10 April 2012 By Jeff Glekin

India’s offshore tax grab is bad news for Mauritius. Some investors on the island have responded to the country’s crackdown on tax avoidance by shifting their operations to Singapore. Yet while the city state is a better established financial centre, the very act of hopping islands may attract the interest of the authorities.

Mauritius owes its tax status to historic ties with India, which resulted in a treaty signed in 1983. It’s certainly been successful – over 40 percent of portfolio investment and more than 42 percent of foreign direct investment into India emanate from the tropical paradise. But the long, tax-free holiday may be coming to end.

New Delhi’s overhaul of its tax regime goes wider than just trying to claw back tax on Vodafone’s purchase of Hutchison Whampoa’s mobile business, which was controlled by an offshore entity based in the Cayman Islands. The government has also proposed general anti-avoidance rules which will over-ride existing treaties.

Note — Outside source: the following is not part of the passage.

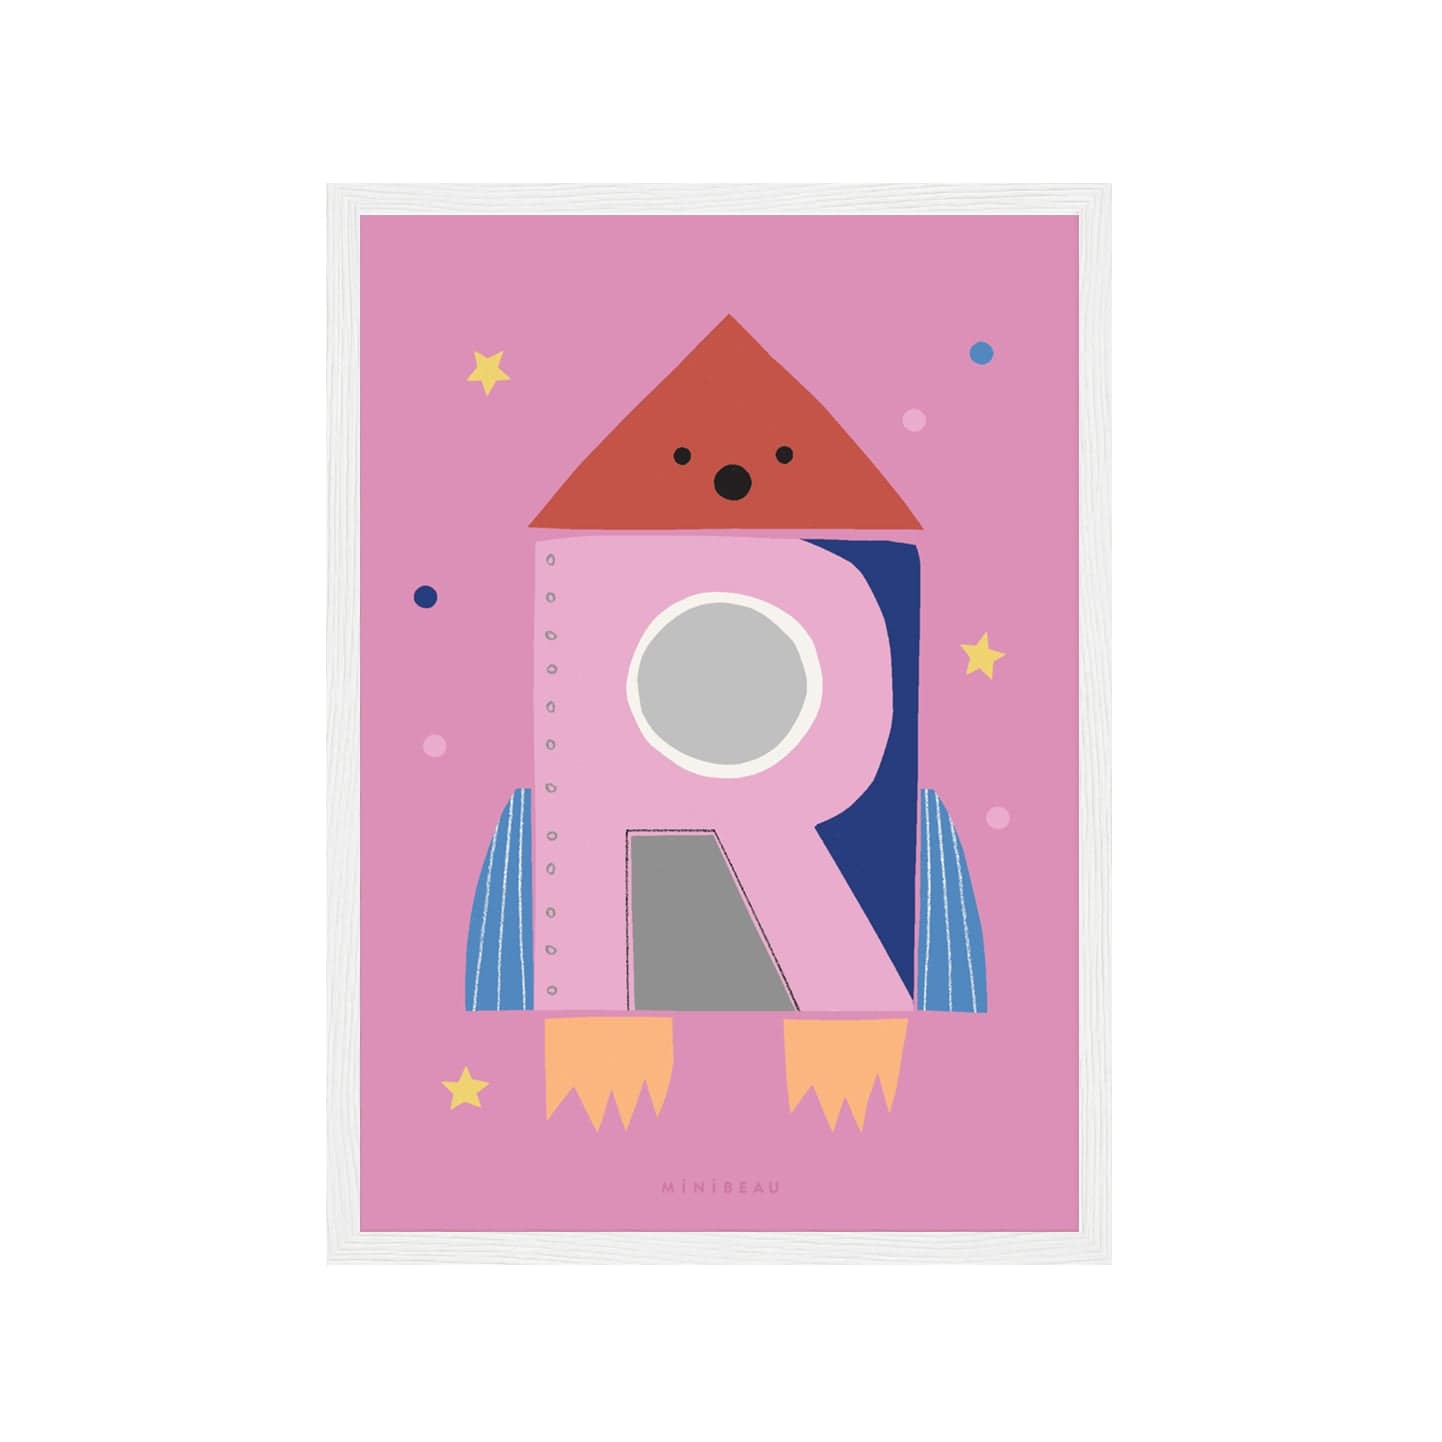 Art print in white frame. Our Happy Alphabet 'R' Art Print shows a shocked rocket lasting of to space with a large pink R on it creating a porthole. On a pink background with coloured dots and yellow stars.
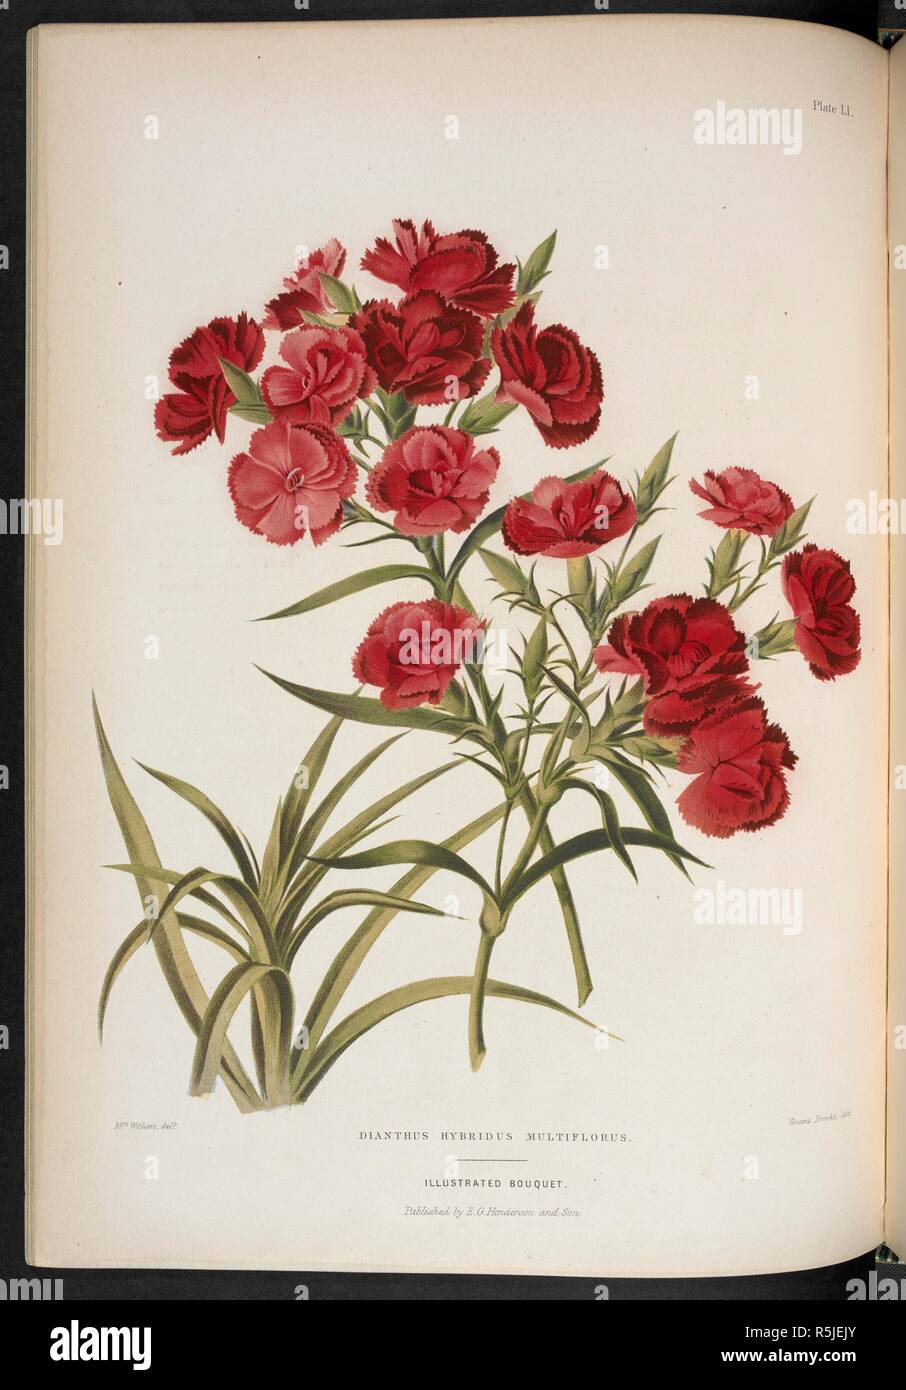 Dianthus Hybridus Multiflorus. Mule Pink. The Illustrated Bouquet, consisting of figures, with descriptions of new flowers. London, 1857-64. Source: 1823.c.13 plate 51. Author: Henderson, Edward George. Withers, Mrs. Stock Photo

The new regulations, which look likely to come into law this month, place the onus on investors to prove they are not operating a business model that is explicitly structured to avoid tax. Most investments channelled via Mauritius will struggle to clear this hurdle: often the only connection to the island is the address of the investor’s law firm.

Hence the rush to Singapore, which also has a treaty with India that applies a zero tax rate on short-term capital gains. Investment managers will have less difficulty arguing that they have a substantive business operation in the financial centre.

But the anti-avoidance rule could be a trump card. Any fund which shifts its location from Port Louis to Orchard Road will struggle to argue it did so for any reason other than avoiding tax. Besides, if India’s objective is to close loopholes and increase revenue, then it’s not at all clear why it would crack down on Mauritius while leaving Singapore untouched.

The ambiguity means that funds will have to pass on the risk to their customers – or even pull out altogether. Though the Indian government is making moves to reassure investors, its track record is shot through. Even a favourable Supreme Court ruling wasn’t enough to protect Vodafone. If investors respond by simply turning to safer markets, then Mauritius, Singapore – and India – could all lose out.